David seems to have been delighted with my yesterday's 'what's for dinner tonight?' post, so here I go again, although not with so many questions. I sort of know what I'm doing here. However the crucial ingredient - dukkah - is worth a post of its own. And two coincidental happenings have added to its inclusion as a topic for a rambling post.

This by the way is a photo of my remaining dukkah and the reason for deciding to cook dukkah crusted salmon for dinner tonight. It's Friday after all, so a good day for fish and achieving my goal of at least one fish dish per week. In this day and age dukkah crusted salmon is a relatively common dish. A replacement for the packaged breadcrumbs of my youth. You can coat it all over after having removed the skin and fry. Or you can leave the skin on and just top the other side with it before frying - or baking or grilling. Barbecues could come in too I guess. I'm going to go with method number one though, because I like dukkah and I would also like to use all of my remains up. It's time to make a new batch.

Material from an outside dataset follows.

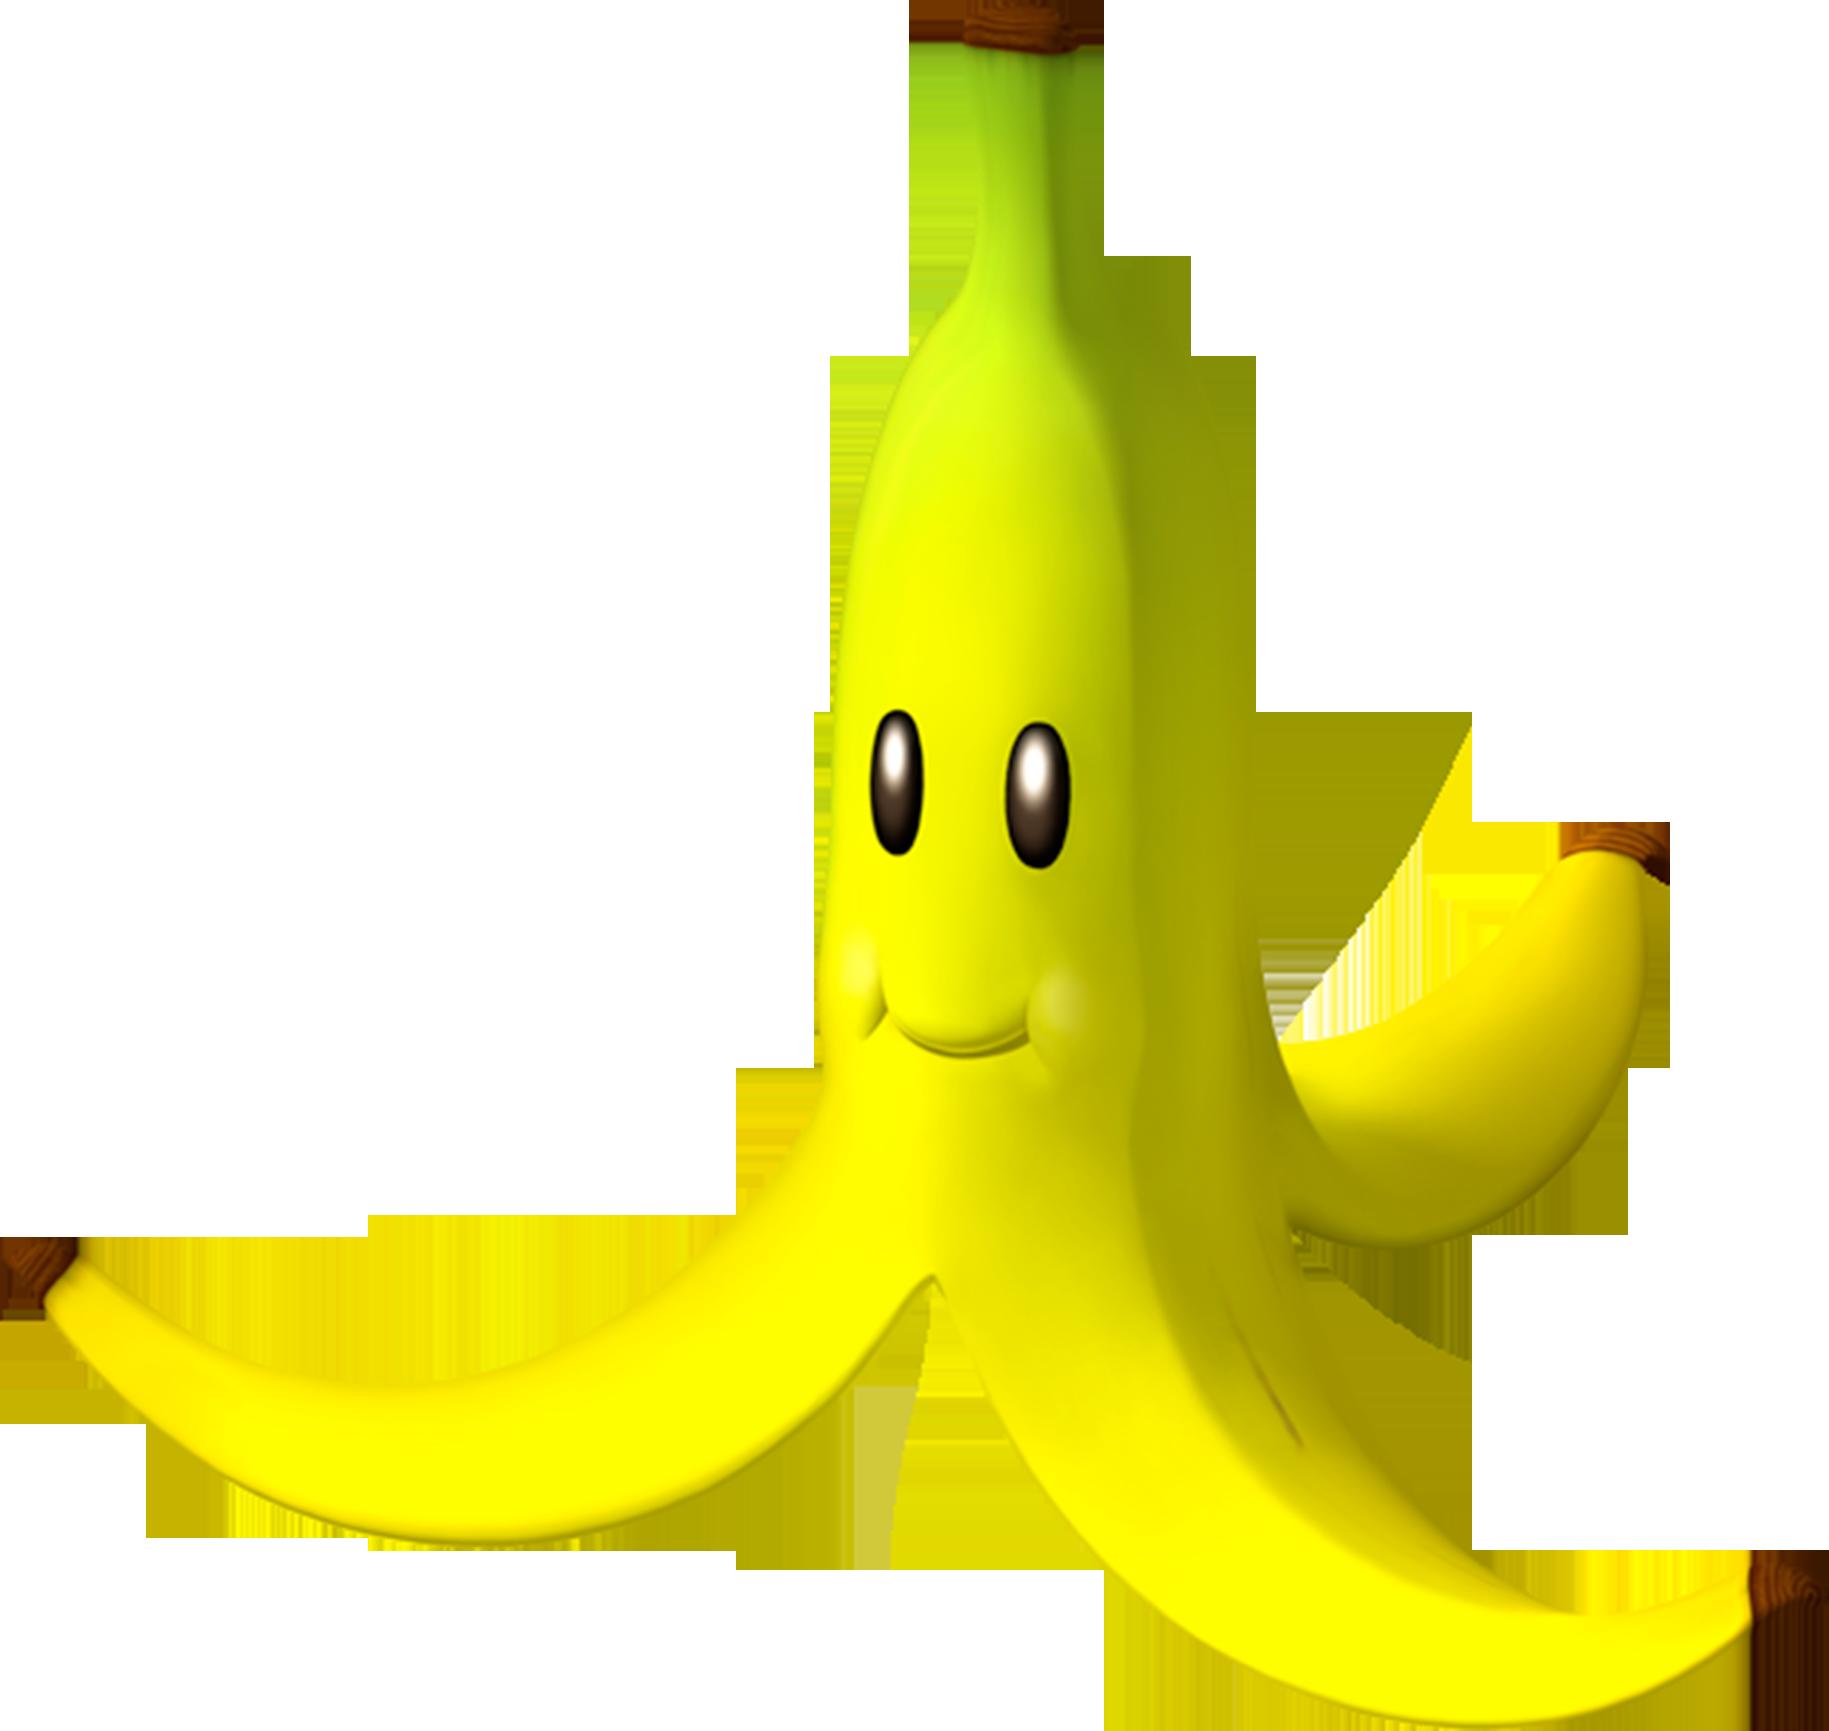 Banana peel transparent - photo#12

I use Claudia Roden's original recipe from her first book. It was certainly the first of hers that I owned - A Book of Middle-Eastern Food, and the book that introduced me (and the rest of the world too) to that wonderful cuisine. I don't think I made the dukkah though for many years. 1971 was the year I was given the book by David, but I don't think I thought about dukkah until I had encountered it many years later in various Middle-Eastern restaurants.

Her recipe makes a vast quantity which I halve but which is still a lot and will fill a large jar. You can find an even smaller version on the Oldways site. However, Claudia Roden does say that it can be stored indefinitely in covered jars.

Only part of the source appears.